Brian caught on to his vision. “Well, if a copper got cramp and I was near, I wouldn’t help him to get out.” The Guy lay between them, flat like some derelict drunk, a sackbag arm across button eyes, as if not wanting to see what the world had in store for him next. One leg was akimbo and Bert kicked it straight. “Even if I’d got a lifebelt I’d chuck ’im a brick. Coppers is bastards. I was down town last week and opened a car door for a bloke. A copper cum up and batted my tab. He said I’d gent sent to borstal if I didn’t clear off. I worn’t bothering nobody.”
Brian flashed his torch, revelled in the magic of it. “Rotten bogger.”
“All coppers are like that.”
“I don’t know why they have coppers,” Brian said. “They’re worse than schoolteachers.”
“No difference,” Bert said, lighting his nub-end in the darkness. “It’s all part of the gov’ment. They’re all conservatives, as well. I know that for a fact, because dad towd me. Conservative”—he was proud of such a posh formidable word — “if ever yer vote conservative, dad said, I’ll smash yer brains out. And ’e showed me ’is big screwed-up fist to prove it. Then on Saturday night I seed him thumping a bloke outside a pub, and I suppose it was because dad ’ad got to know he’d voted conservative. He bashes mam sometimes, though, but I don’t know what for, because she don’t vote conservative.”
“Millionaires vote conservative. John Player and the bloke who owns Raleigh.”
“Well, I wouldn’t. Even if I’d got ten trillion pound notes I’d still vote red for Labour.”
“Me as well,” Brian said. “Shall we chuck the Guy in the locks then, like ’e was a copper?” And an idea came quickly. “Let’s get a couple o’ bricks and fasten ’em inside, so’s he’ll sink right to the bottom.”
“Nobody’ll think it’s somebody drowned,” Bert objected. “It wain’t be seen.”
Brian’s face exploded into a laugh, the force of a decision that took no deciding, happiness giving character to his face unseen in the darkness. “It’ll mek a big splash, though,” he managed to say at last, and Bert, relaxed and disarmed, knew that it would.
Labour, Brian repeated, bending to pull up his share of a huge stone. Labour — the word had a stern ring about it, like the hard labour they gave you in court. Perhaps this was soft labour since everybody voted for it. Or like Manual Labour, the Spaniard fighting in Madrid: cloth-cap, rifle, and a thin cigar. His father was Labour, red Labour, and so was everybody else he knew (except old Jones, the headmaster at schooclass="underline" you could tell a mile off that he wasn’t), though that didn’t make the word and meaning of it more acceptable. The stones were tied and centred into place, and he hooked his fingers around an arm and a leg. “We’ll count three,” Bert said. “Soft, though.”

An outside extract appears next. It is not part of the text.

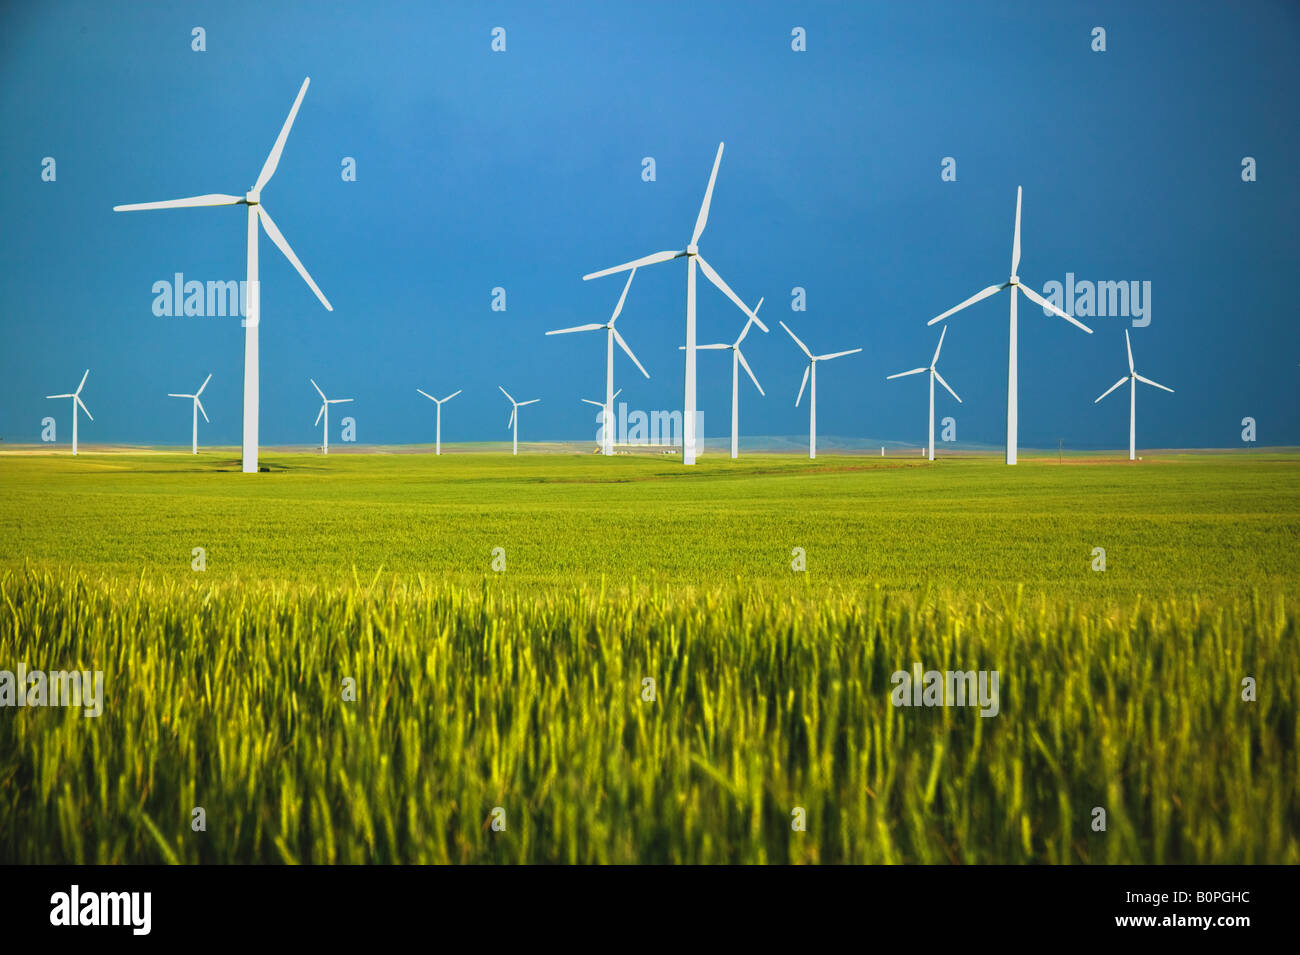 Wind farm, turbines  in immature wheat field. Stock Photo

“Back then,” Brian responded, feeling the straw-like texture of the Guy. Conservative — it was an official word to be distrusted, hated in fact. If a van stopped near you in the street at election time and some fist shot out and thrust into your hand a bunch of blue streamers, you didn’t stop to wonder why you’d been daft enough to accept them but threw them down immediately and kicked them to bits with your shoes — or else. Even being Labour like your father and street and suburb, you risked being battered to the pavement following the eruption of a gang of red streamers like a steam-engine out of the nearest corner. You might hold your breath long enough, though, hang on to the blue streamers and pin them to the door of someone you did not like, someone who had once sent too readily for the police when you played loudly on the nearby cobbles.